Which lines of the entries below run from the one holding "NGC281_SHO_3_2_fl.jpg" to the one holding "HOHNER ジャズ ( ホーナー", inclusive? Set down exactly those lines and no others.

**Records drawn from a dataset:**
——
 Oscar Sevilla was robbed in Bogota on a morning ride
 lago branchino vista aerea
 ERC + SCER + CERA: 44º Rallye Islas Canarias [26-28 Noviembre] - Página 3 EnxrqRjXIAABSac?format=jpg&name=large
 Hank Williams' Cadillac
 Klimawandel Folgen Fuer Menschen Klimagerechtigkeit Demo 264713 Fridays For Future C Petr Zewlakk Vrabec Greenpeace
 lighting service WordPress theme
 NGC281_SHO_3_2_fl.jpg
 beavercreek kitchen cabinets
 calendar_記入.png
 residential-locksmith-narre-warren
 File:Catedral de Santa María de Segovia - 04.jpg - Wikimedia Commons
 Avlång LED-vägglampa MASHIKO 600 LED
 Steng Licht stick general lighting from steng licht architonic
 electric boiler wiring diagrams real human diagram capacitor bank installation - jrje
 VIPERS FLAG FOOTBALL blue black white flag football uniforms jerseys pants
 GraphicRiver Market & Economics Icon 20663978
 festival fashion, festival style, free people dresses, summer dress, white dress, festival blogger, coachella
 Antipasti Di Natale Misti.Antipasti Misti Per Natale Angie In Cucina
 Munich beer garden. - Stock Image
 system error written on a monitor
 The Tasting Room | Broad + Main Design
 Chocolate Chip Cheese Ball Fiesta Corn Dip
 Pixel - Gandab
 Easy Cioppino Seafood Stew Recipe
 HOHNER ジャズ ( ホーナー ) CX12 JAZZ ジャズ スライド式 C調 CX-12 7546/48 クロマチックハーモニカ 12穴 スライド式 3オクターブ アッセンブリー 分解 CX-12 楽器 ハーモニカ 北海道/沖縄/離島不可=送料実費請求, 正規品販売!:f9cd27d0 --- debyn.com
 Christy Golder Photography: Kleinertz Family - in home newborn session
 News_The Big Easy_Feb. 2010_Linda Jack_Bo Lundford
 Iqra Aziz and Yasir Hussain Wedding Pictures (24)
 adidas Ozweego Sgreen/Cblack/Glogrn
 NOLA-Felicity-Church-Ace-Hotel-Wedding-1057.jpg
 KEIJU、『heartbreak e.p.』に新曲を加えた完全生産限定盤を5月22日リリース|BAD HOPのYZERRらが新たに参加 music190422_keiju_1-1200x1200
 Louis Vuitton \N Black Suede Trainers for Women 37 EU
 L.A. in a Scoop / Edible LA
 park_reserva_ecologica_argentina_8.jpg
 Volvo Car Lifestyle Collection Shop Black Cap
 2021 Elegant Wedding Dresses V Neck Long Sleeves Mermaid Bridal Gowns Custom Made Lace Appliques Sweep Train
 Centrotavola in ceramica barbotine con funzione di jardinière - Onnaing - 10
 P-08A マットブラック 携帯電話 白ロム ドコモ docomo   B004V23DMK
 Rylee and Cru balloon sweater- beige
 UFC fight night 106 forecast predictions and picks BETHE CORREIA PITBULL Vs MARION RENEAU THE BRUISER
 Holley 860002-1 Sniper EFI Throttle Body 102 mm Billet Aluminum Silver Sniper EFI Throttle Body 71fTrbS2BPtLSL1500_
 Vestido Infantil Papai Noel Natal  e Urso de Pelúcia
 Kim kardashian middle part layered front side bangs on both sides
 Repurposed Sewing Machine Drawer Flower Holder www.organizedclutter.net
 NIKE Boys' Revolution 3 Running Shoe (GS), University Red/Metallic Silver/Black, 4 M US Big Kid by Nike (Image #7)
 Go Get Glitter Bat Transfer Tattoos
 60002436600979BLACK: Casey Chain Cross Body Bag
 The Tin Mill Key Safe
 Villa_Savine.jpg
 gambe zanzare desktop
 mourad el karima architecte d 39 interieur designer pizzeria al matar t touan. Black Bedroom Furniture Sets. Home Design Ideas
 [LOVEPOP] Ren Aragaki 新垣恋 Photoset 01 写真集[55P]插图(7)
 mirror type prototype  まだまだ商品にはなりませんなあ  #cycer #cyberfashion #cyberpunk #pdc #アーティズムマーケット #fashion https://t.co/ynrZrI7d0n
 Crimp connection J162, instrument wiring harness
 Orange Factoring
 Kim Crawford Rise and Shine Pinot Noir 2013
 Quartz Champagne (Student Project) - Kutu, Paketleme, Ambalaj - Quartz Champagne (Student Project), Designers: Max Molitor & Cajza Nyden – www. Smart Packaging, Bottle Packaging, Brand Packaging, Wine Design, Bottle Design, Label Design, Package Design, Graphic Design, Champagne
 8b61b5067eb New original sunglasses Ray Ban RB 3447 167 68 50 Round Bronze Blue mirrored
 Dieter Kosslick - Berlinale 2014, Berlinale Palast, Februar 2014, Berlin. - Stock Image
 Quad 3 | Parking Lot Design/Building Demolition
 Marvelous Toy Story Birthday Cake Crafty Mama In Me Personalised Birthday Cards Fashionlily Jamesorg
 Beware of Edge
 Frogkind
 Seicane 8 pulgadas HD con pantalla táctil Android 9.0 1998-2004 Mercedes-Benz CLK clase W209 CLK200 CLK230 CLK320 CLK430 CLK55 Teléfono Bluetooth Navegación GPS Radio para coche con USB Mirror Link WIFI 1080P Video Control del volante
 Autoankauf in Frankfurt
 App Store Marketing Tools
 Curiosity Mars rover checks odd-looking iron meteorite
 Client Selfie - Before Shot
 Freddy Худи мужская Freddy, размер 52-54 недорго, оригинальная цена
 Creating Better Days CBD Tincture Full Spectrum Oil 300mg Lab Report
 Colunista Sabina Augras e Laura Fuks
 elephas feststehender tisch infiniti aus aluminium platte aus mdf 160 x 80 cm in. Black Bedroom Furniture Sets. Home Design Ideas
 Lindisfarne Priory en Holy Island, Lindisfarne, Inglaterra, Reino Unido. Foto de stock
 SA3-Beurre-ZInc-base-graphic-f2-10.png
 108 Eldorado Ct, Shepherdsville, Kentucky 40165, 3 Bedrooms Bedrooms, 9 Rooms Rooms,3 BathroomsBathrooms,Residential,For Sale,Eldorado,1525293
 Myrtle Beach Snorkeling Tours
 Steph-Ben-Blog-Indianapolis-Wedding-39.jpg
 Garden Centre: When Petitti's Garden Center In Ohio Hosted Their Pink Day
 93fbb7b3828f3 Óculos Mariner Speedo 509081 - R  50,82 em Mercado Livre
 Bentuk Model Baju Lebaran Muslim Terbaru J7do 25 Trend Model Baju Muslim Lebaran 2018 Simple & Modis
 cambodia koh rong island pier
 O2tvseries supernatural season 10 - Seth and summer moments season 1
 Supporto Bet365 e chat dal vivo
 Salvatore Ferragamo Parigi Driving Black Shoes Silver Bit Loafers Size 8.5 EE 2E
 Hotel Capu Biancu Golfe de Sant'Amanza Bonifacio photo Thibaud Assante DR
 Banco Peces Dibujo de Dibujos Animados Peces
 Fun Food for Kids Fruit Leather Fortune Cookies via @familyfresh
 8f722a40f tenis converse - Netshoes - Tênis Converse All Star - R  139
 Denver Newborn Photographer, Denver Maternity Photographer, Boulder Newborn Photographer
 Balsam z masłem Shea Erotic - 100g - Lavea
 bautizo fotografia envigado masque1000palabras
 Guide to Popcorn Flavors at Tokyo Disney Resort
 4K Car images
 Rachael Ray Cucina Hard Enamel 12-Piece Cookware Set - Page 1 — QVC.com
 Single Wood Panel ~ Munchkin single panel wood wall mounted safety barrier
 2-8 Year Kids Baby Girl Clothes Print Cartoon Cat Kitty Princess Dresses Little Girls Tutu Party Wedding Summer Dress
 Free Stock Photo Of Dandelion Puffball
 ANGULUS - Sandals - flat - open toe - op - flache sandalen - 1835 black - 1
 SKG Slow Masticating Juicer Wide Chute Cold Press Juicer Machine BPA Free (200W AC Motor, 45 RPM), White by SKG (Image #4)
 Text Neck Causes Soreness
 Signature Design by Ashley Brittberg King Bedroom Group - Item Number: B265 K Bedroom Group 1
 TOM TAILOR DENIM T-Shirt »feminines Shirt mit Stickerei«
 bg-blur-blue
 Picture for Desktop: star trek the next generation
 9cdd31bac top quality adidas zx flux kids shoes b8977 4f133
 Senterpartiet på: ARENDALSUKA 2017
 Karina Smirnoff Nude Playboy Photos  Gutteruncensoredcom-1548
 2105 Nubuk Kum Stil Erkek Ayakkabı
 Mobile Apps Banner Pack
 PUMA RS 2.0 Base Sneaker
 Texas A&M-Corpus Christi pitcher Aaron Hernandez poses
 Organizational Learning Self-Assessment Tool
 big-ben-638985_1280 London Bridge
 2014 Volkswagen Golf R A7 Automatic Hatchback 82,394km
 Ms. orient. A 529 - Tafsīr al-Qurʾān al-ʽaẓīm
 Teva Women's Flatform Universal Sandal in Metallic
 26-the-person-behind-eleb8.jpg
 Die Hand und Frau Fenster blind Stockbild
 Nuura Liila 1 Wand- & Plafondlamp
——
**ANSWER SPACE:**
 NGC281_SHO_3_2_fl.jpg
 beavercreek kitchen cabinets
 calendar_記入.png
 residential-locksmith-narre-warren
 File:Catedral de Santa María de Segovia - 04.jpg - Wikimedia Commons
 Avlång LED-vägglampa MASHIKO 600 LED
 Steng Licht stick general lighting from steng licht architonic
 electric boiler wiring diagrams real human diagram capacitor bank installation - jrje
 VIPERS FLAG FOOTBALL blue black white flag football uniforms jerseys pants
 GraphicRiver Market & Economics Icon 20663978
 festival fashion, festival style, free people dresses, summer dress, white dress, festival blogger, coachella
 Antipasti Di Natale Misti.Antipasti Misti Per Natale Angie In Cucina
 Munich beer garden. - Stock Image
 system error written on a monitor
 The Tasting Room | Broad + Main Design
 Chocolate Chip Cheese Ball Fiesta Corn Dip
 Pixel - Gandab
 Easy Cioppino Seafood Stew Recipe
 HOHNER ジャズ ( ホーナー ) CX12 JAZZ ジャズ スライド式 C調 CX-12 7546/48 クロマチックハーモニカ 12穴 スライド式 3オクターブ アッセンブリー 分解 CX-12 楽器 ハーモニカ 北海道/沖縄/離島不可=送料実費請求, 正規品販売!:f9cd27d0 --- debyn.com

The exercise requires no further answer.